It also included four provisions:
- The United States and the DPRK commit to establish new U.S.–DPRK relations in accordance with the desire of the peoples of the two countries for peace and prosperity.
- The United States and the DPRK will join their efforts to build a lasting and stable peace regime on the Korean Peninsula.
- Reaffirming the April 27, 2018 Panmunjom Declaration, the DPRK commits to work toward complete denuclearization of the Korean Peninsula.
- The United States and the DPRK commit to recovering POW/MIA remains, including the immediate repatriation of those already identified.
Although the statement didn’t bring about any brand new
agreements and wasn’t legally binding, it was nonetheless an “epochal event
of great significance in overcoming decades of tensions and hostilities between
the two countries and for the opening up of a new future”.
The summit closed with a U.S. press conference where
President Trump called the meetings a success and unilaterally announced the
end of joint military exercises with the South Korean military without first
consulting South Korea. He also expressed a desire for the eventual removal of
all U.S. military personnel on the peninsula. These two things have long been
sought after by North Korea but the U.S. had always resisted the moves until after
a denuclearized North Korea. Trump, it seems, was about to give away the store.
However, despite the overall positive nature of the summit
and the excitement for the future it generated, once Trump was back in
Washington, the pragmatic realities of the situation sank back in.

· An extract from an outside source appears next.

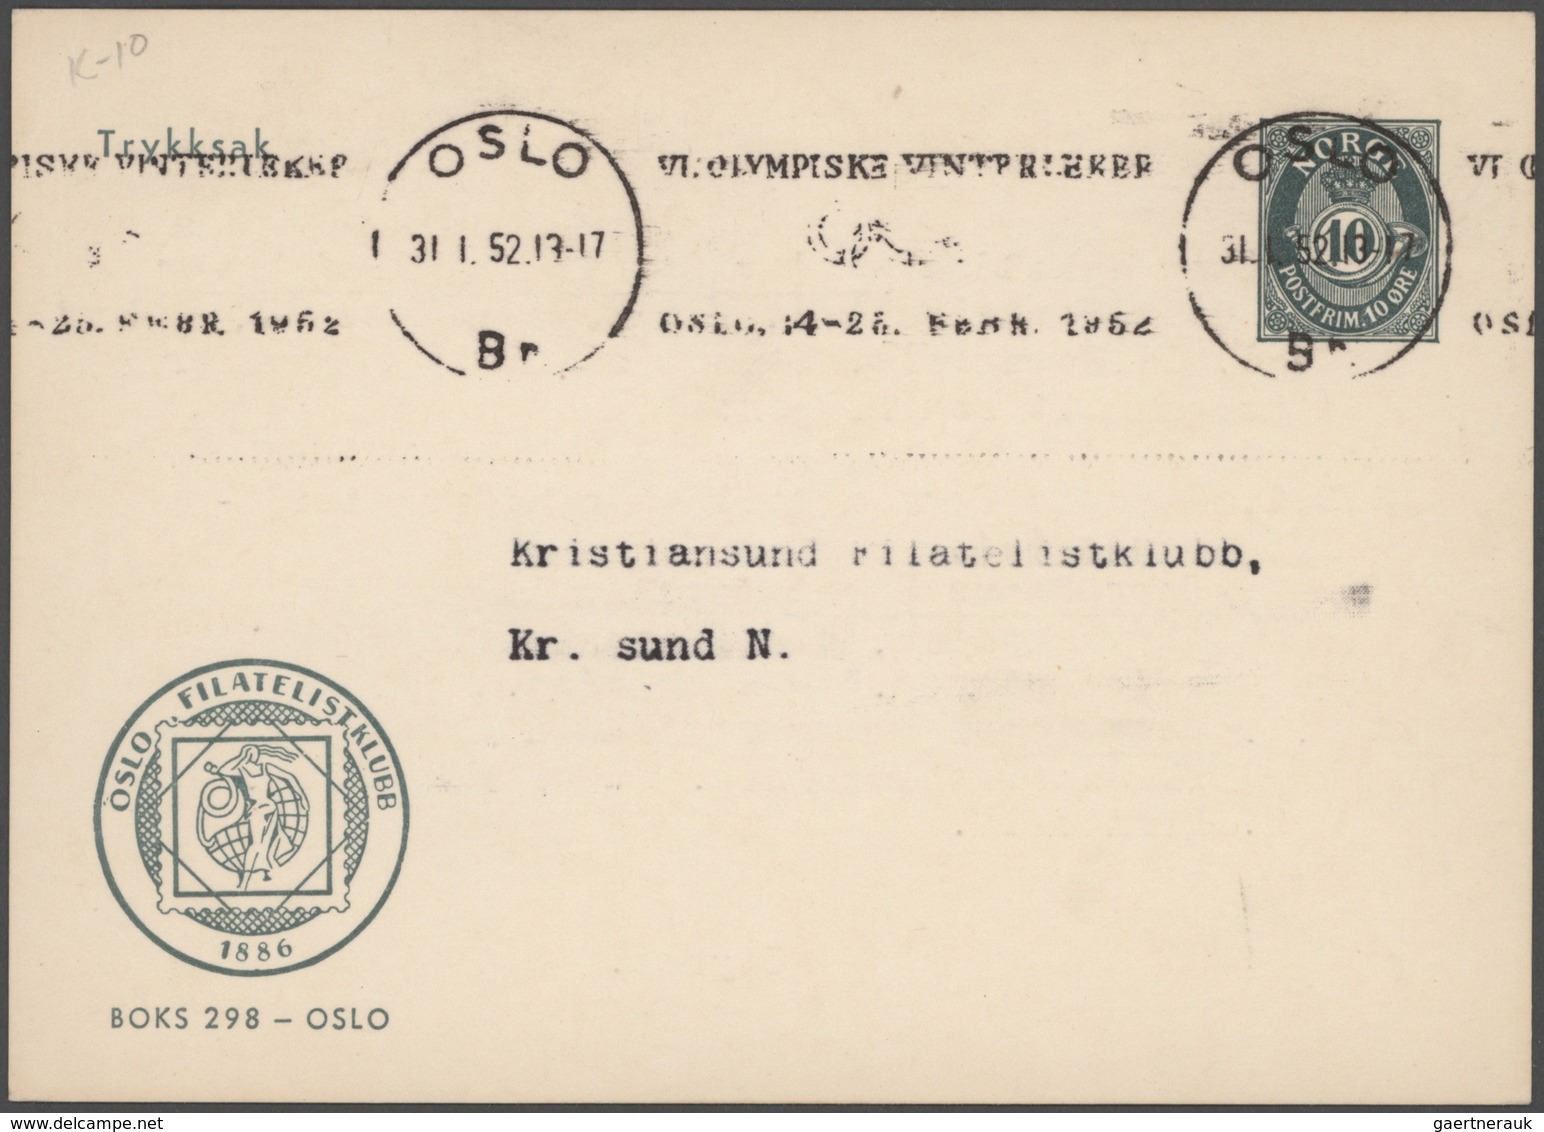 Norwegen - Ganzsachen: 1872/1999 holding of ca. 490 unused/CTO-used and commercially used postal sta

Although claiming victory and tweeting that North Korea was
no longer a nuclear threat to the United States, his official actions told a
different story. He extended Executive Order 13466 because “the current
existence and risk of the proliferation of weapons-usable fissile material on
the Korean Peninsula constitute an unusual and extraordinary threat to the
national security and foreign policy of the United States, and I hereby declare
a national emergency to deal with that threat.”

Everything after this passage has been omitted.